What is Phenothiazine Antimicrobial Activity?

Phenothiazine antimicrobial activity refers to the capacity of phenothiazine compounds to inhibit bacterial efflux pumps, enhance antibiotic efficacy, and combat multidrug-resistant pathogens.

Phenothiazines like promethazine and thioridazine act as efflux pump inhibitors (EPIs) against NorA in Staphylococcus aureus and AcrAB-TolC in Gram-negative bacteria (Varga et al., 2017; Amaral et al., 2014). Studies demonstrate synergy with antibiotics, reducing minimum inhibitory concentrations (MICs) in MDR strains (Spengler et al., 2017). Over 10 papers from 2008-2020 document these effects, with clinical repurposing potential (Lagadinou et al., 2020).

Curated Papers

Key Challenges

Why It Matters

Phenothiazines address antimicrobial resistance by inhibiting efflux pumps in pathogens like S. aureus and Pseudomonas aeruginosa, restoring antibiotic susceptibility (Amaral et al., 2014; Spengler et al., 2017).
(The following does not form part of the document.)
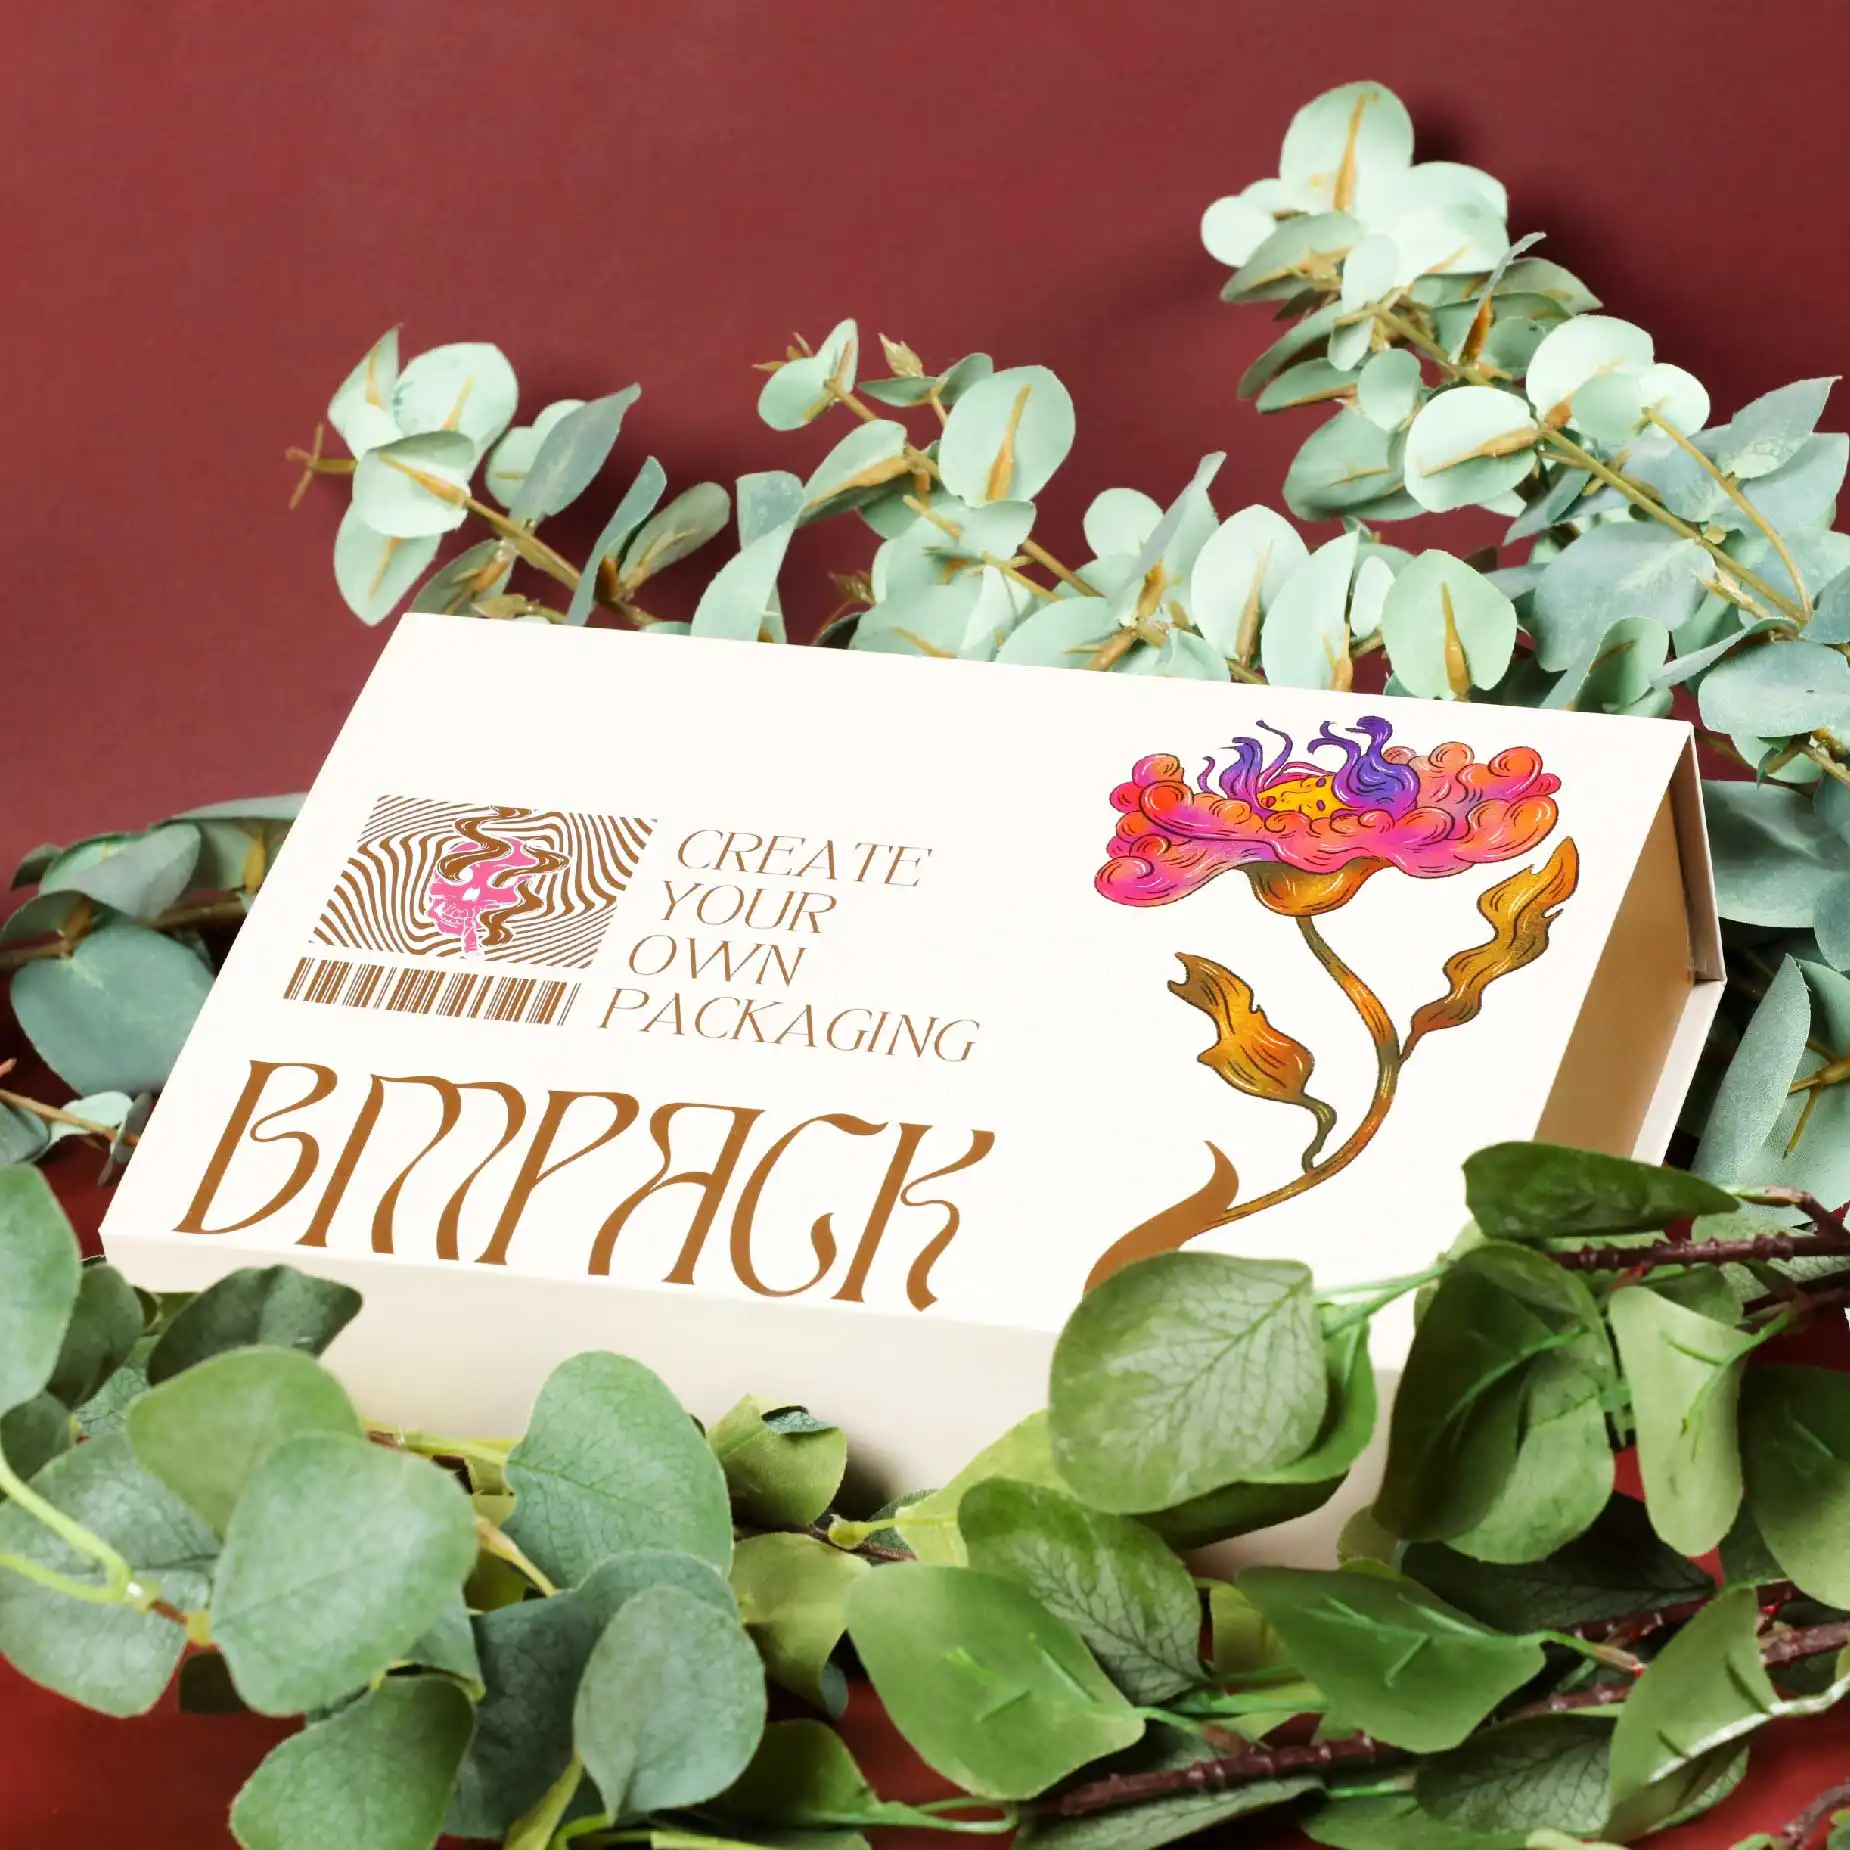 在深紅色的背景下，在樹枝上擺放了一個米白色的磁石書型硬盒，盒面印有"BM Pack"和"Create your own Packaging"字眼加上淺紅色的花朵圖案作點綴。

Sertraline potentiates antimicrobials against clinical isolates, offering repurposing for MDR infections (Ayaz et al., 2015). Varga et al. (2017) highlight phenothiazines' broad applications against Gram-positive and Gram-negative bacteria, biofilms, and even fungi, reducing reliance on new antibiotics amid global resistance crises (Kourtesi et al., 2013; Lagadinou et al., 2020).

Key Research Challenges

Efflux Pump Specificity

Phenothiazines inhibit multiple pumps but lack selectivity, risking off-target effects on human transporters (Amaral et al., 2014). Martins et al. (2013) describe methods to assess over-expressed pumps, yet optimizing for NorA vs. AcrAB-TolC remains difficult.

Synergy Quantification

Measuring true EPI synergy versus intrinsic antimicrobial activity requires advanced assays like checkerboard MICs (Spengler et al., 2017). Ayaz et al. (2015) show sertraline's enhancement, but standardizing across strains challenges reproducibility.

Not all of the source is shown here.